Information supplied:
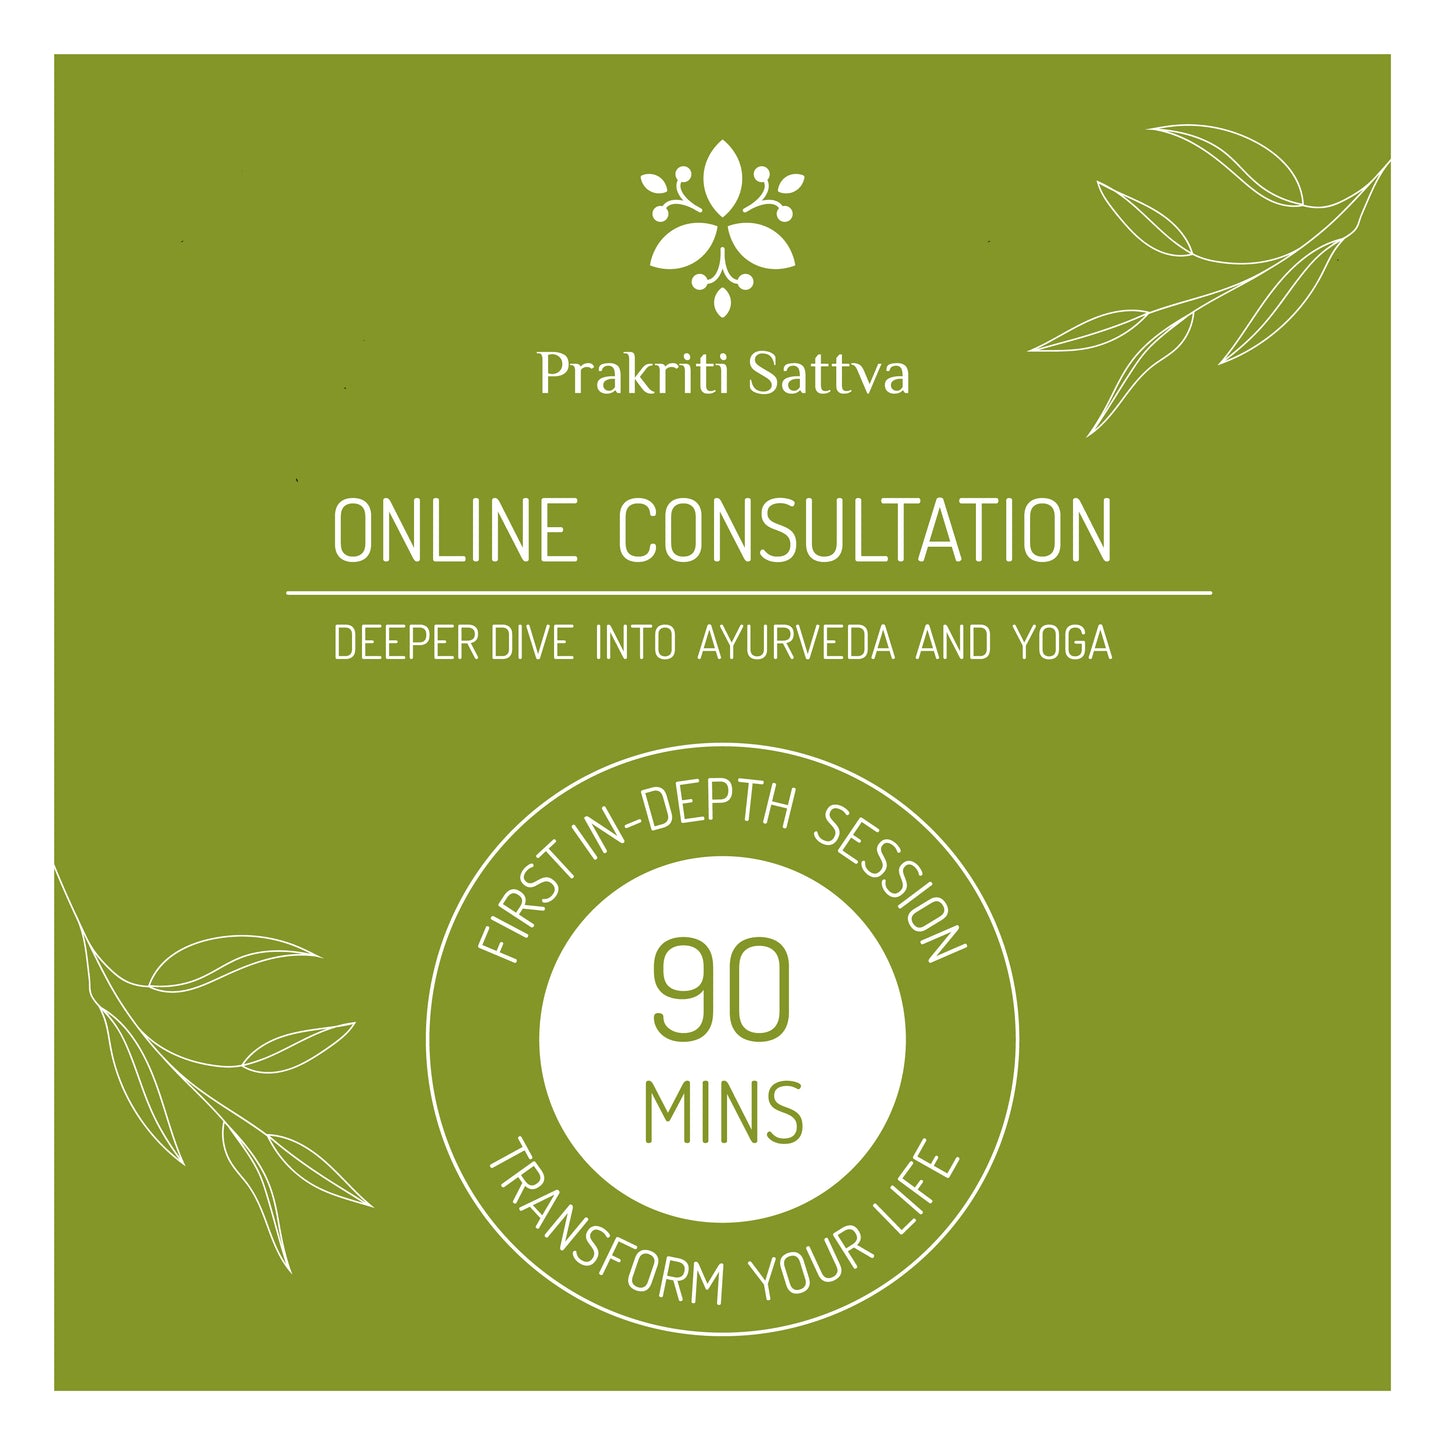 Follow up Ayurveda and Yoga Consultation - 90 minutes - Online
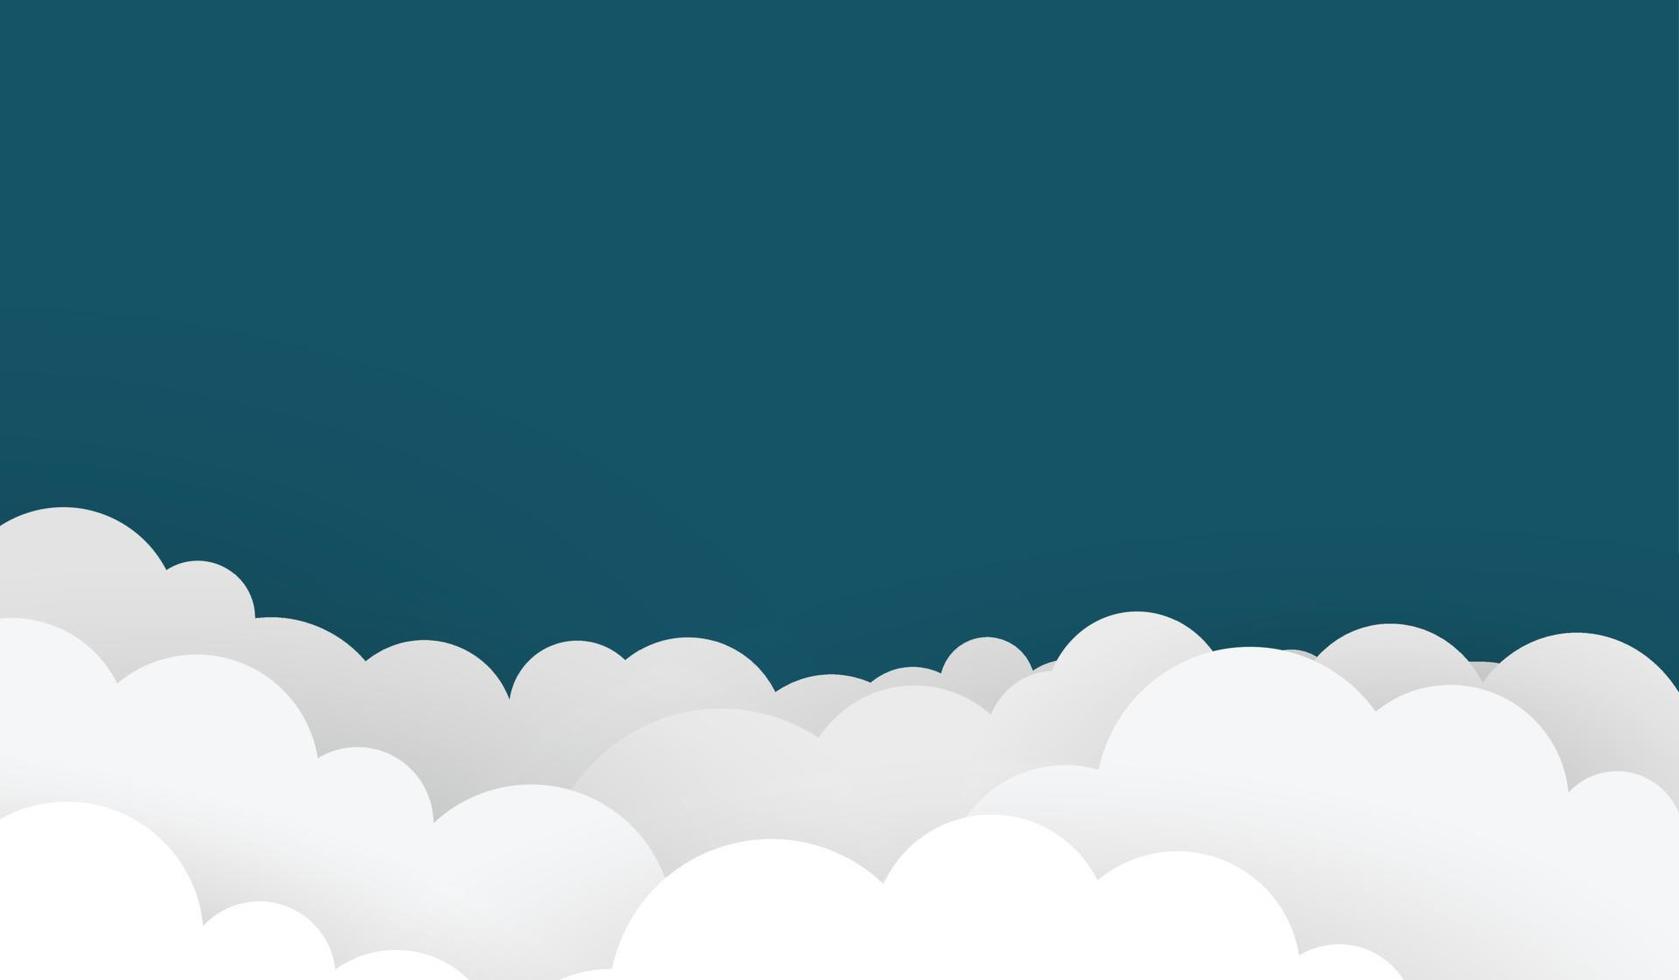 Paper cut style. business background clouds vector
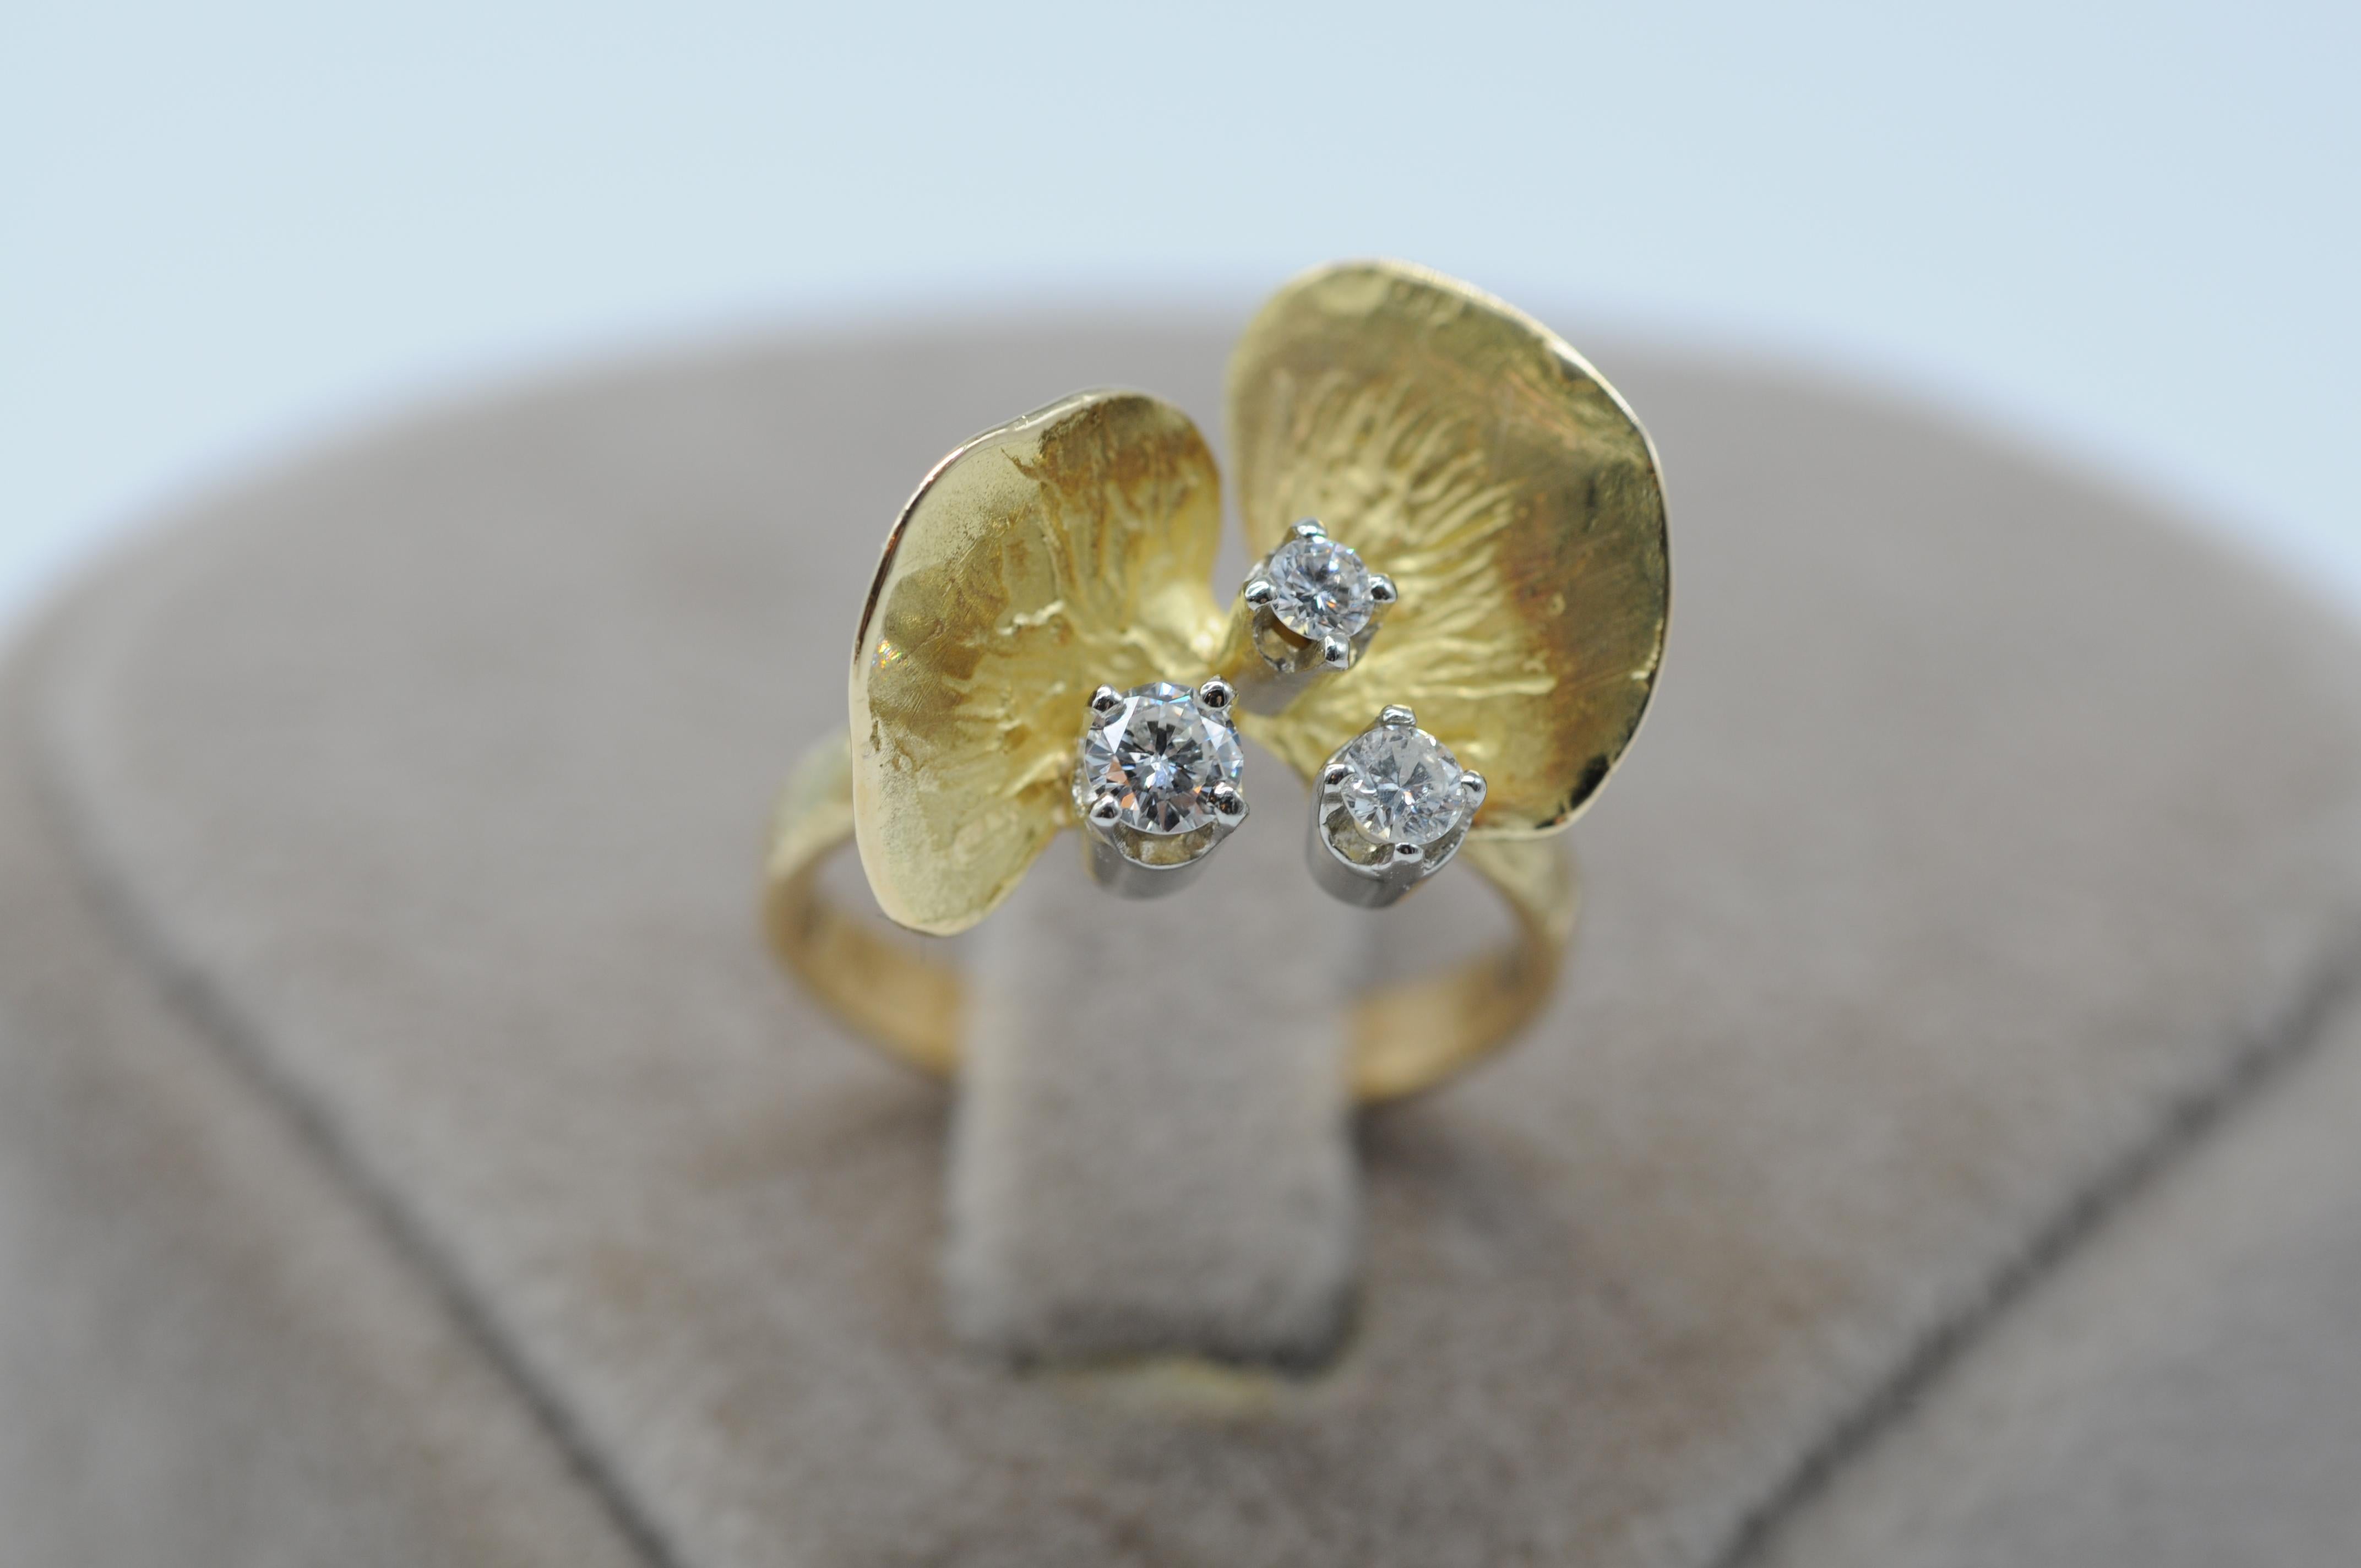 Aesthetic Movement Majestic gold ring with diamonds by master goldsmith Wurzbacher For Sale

Work instructions: Please copy out the whole listing exactly as it stands, minus the pictures.

Output for this task:
 Follow up Ayurveda and Yoga Consultation - 90 minutes - Online
 Paper cut style. business background clouds vector
 Aesthetic Movement Majestic gold ring with diamonds by master goldsmith Wurzbacher For Sale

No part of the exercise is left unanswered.